As an adult, I can see exactly what this was now. Two older adults, four young and wild children. THEY needed to rest, not us. The hope (the same hope I have held on to with my own children) was that they had worn us out in the pool and fed us. Now, in the name of all things holy, maybe we’d settle into the couch and be quiet a while.

My grandma said that she needed to “rest her eyes” a bit. “Watch your shows. No horseplay. And stay on the couch.” And then she and grandpa headed off to their bedroom for a nap.

The peace lasted at least a few minutes, maybe even past the first commercial break, but then we got antsy.

My youngest cousin was the first to move towards the edge of the couch, but my brother stopped her. “Grandma said stay on the couch!” She shot a look, that look, right into his eyes and lowered her foot. “Don’t even!” Her brother grabbed her arm, and she began to tear up. The wail was coming. It would be loud…grandma would hear for sure…not acceptable.

My brother, ever ingenious, lifted the cushion next to him and threw it to the ground beneath her feet. Her brother released his grip and she landed on it. They all looked at me and grinned.

Being the oldest sucks. I’m supposed to be in charge, keep things as the adults want them to be. But how is that fair? I sat there silently with my arms crossed. This is not what she meant.

Another cushion flopped to the ground beside the first and in moments a lily pad arrangement took shape across the living room floor. They were hopping from one to the next, running across the bare couch, and back onto the floor again. Giggling quietly all the while.

At first, this only began while commercials were running. Once a cartoon came back on, everyone fell silent, like a game of red light/green light. At the next commercial break, they were at it again. Temptation to play along overwhelmed me and I joined in.

Every once in a while, someone would land a little too roughly. It was trick to silence our running and falling feet in a mobile home. The floor and foundation aren’t that solid like a foundation house would be and the walls are thin to save space and weight. Each mildly loud giggle or tumble would cause us all to freeze in place and wait for the “all-clear,” no sounds of movement from the other room.

I’m not sure how long we went on like this, but at one point, while we were all happily skipping around the room from one couch cushion to the next, one of my cousins froze mid-step and we all piled up behind him, pushing him forward and landing in pile…at our grandpa’s feet.

There he was looking down on us, hands clenched in fists at his hips, those few wisps of hair standing up on the top of his balding head. He didn’t say a word. My grandma came in the room seconds later. “Oh, heavens, you kids.”

That’s when my grandpa said, “You told them not to leave the couch and they didn’t.” and we all started laughing.

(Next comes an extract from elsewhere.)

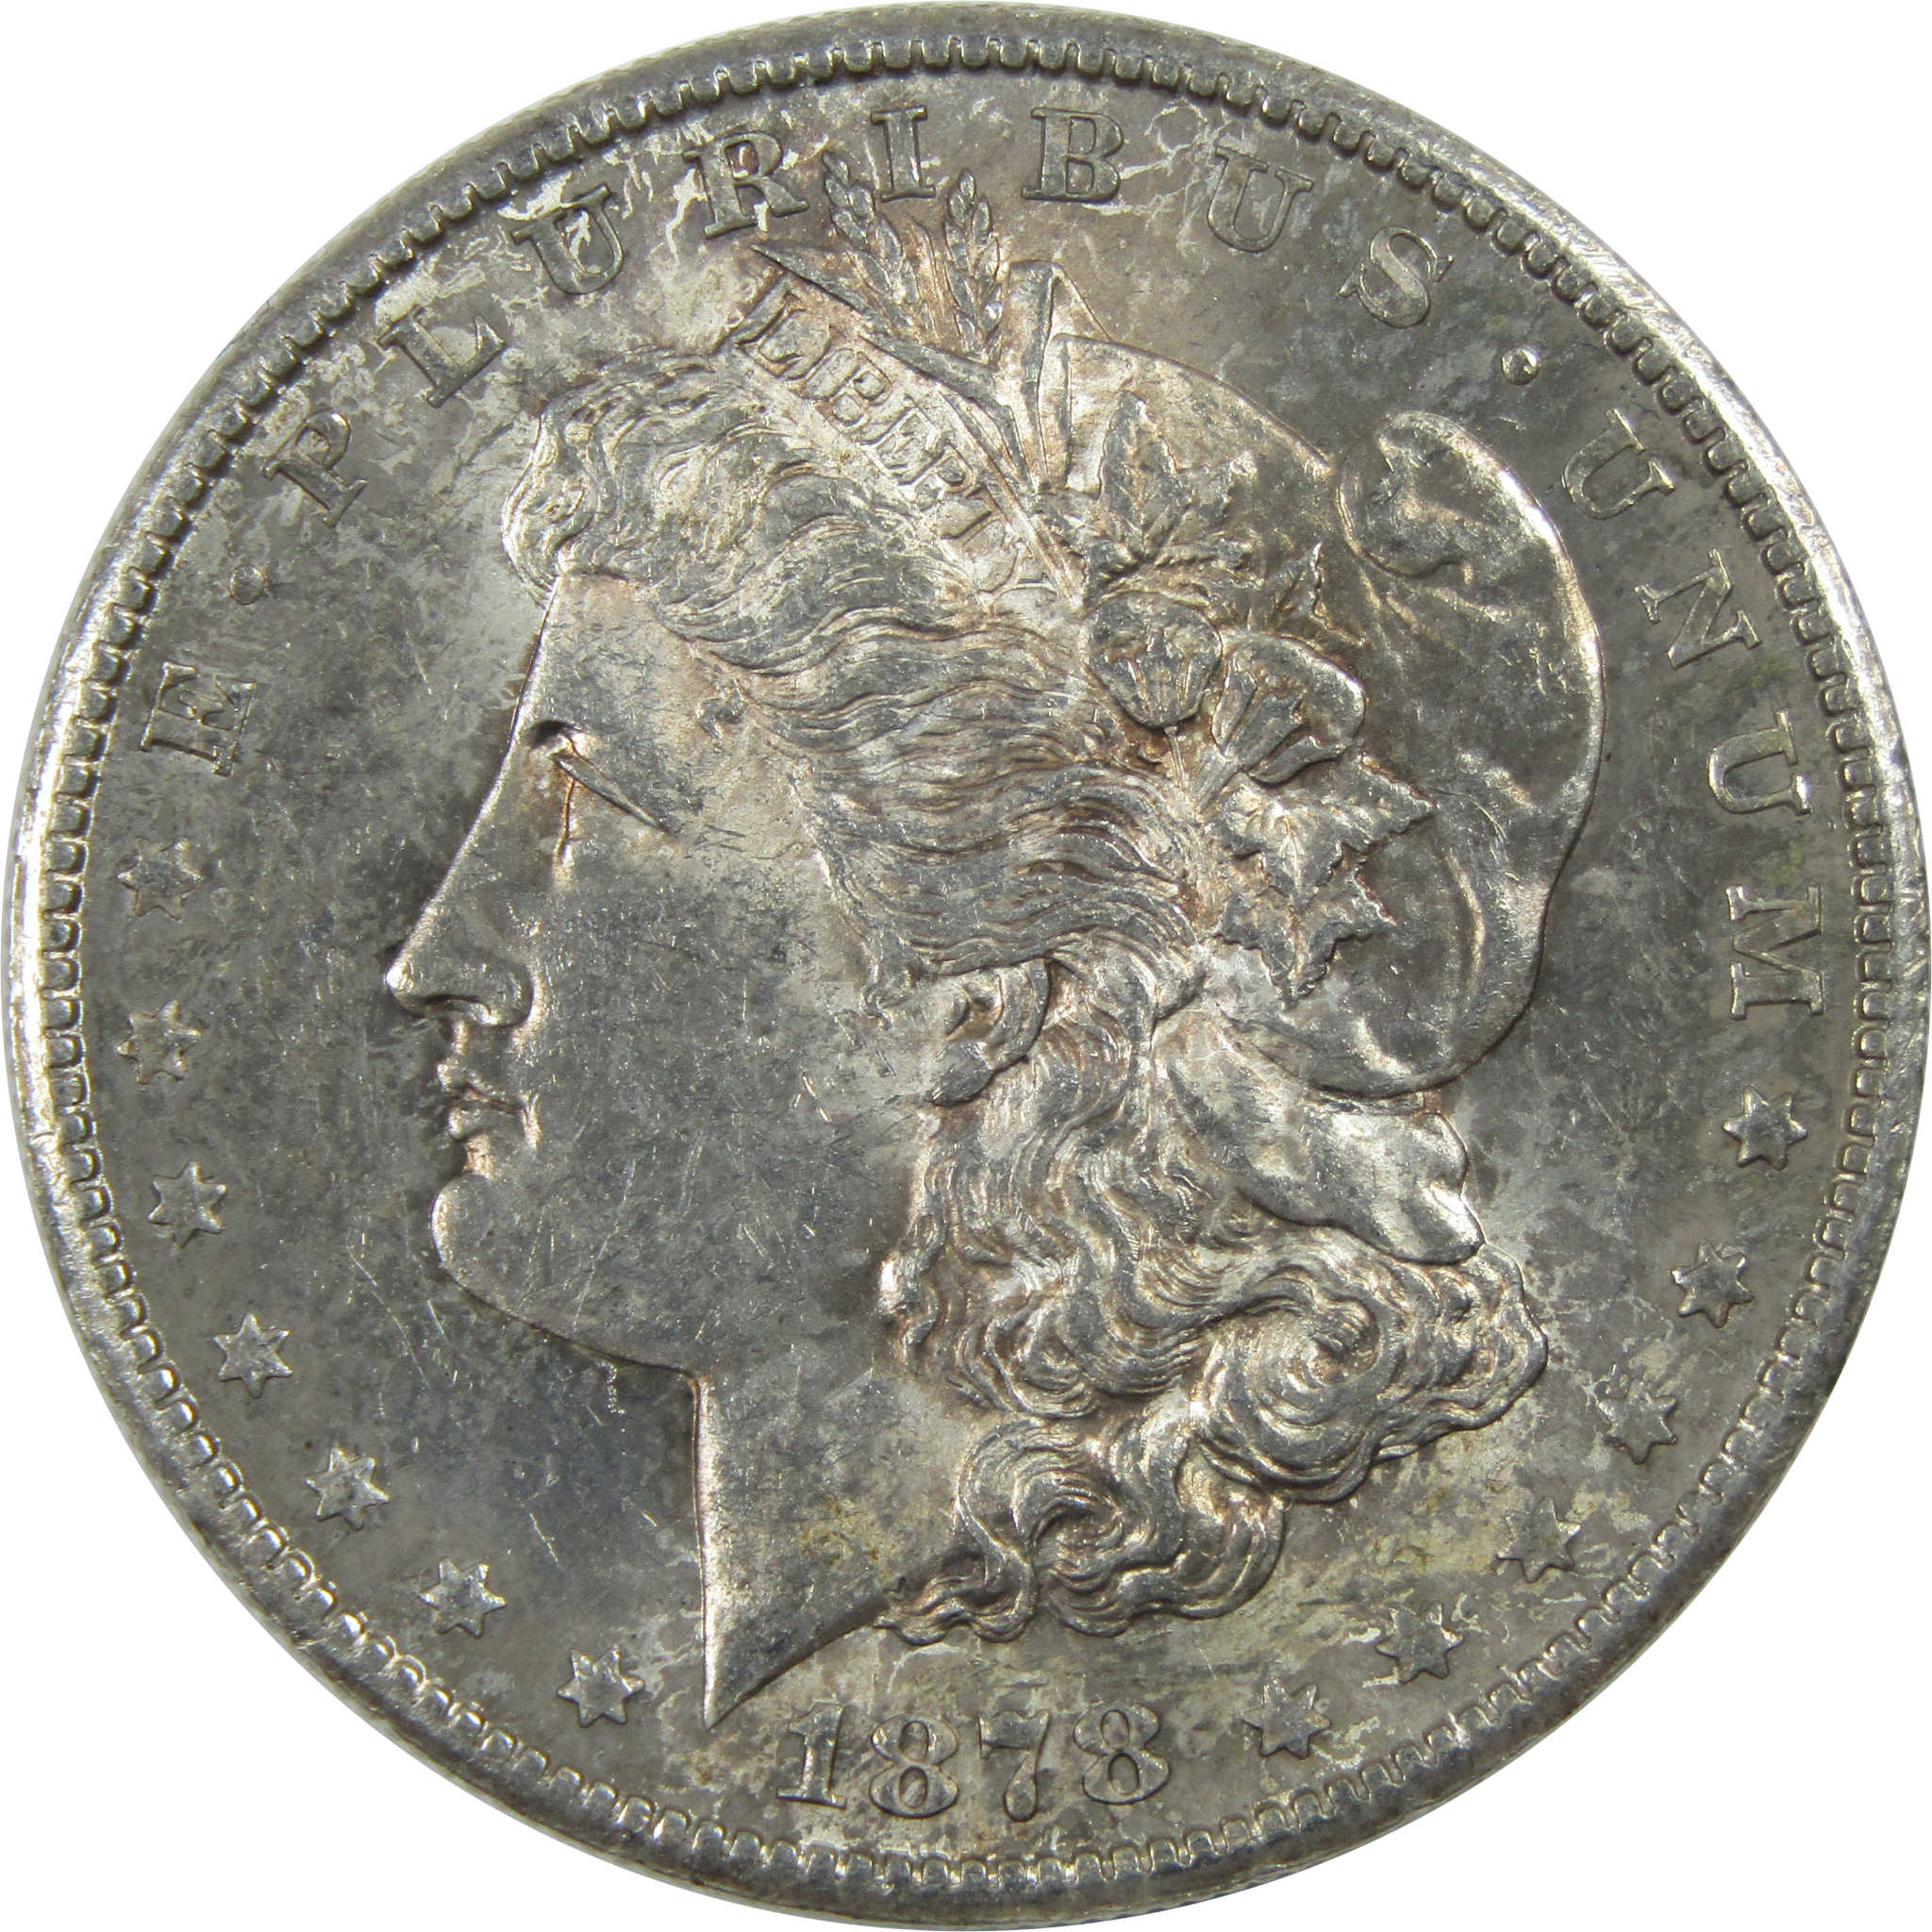 1878 S Morgan Dollar AU About Uncirculated Silver $1 Coin SKU:I11684 - Morgan coin - Morgan silver dollar - Morgan silver dollar for sale - Profile Coins &amp; Collectibles

We spent the next hour piling up cushions and seeing if we could stand on them, spreading them out for leapfrog, or blocking them all together to make a large tumbling mat for living room gymnastics. Grandpa would stand beside the pile and hold out a steady hand, ready to stop us from falling over into the tv or cracking our heads open on the coffee table.

Exhausted from play, we settled down into watching cartoons and most of us took a long nap there before dinner. But we never left the couch!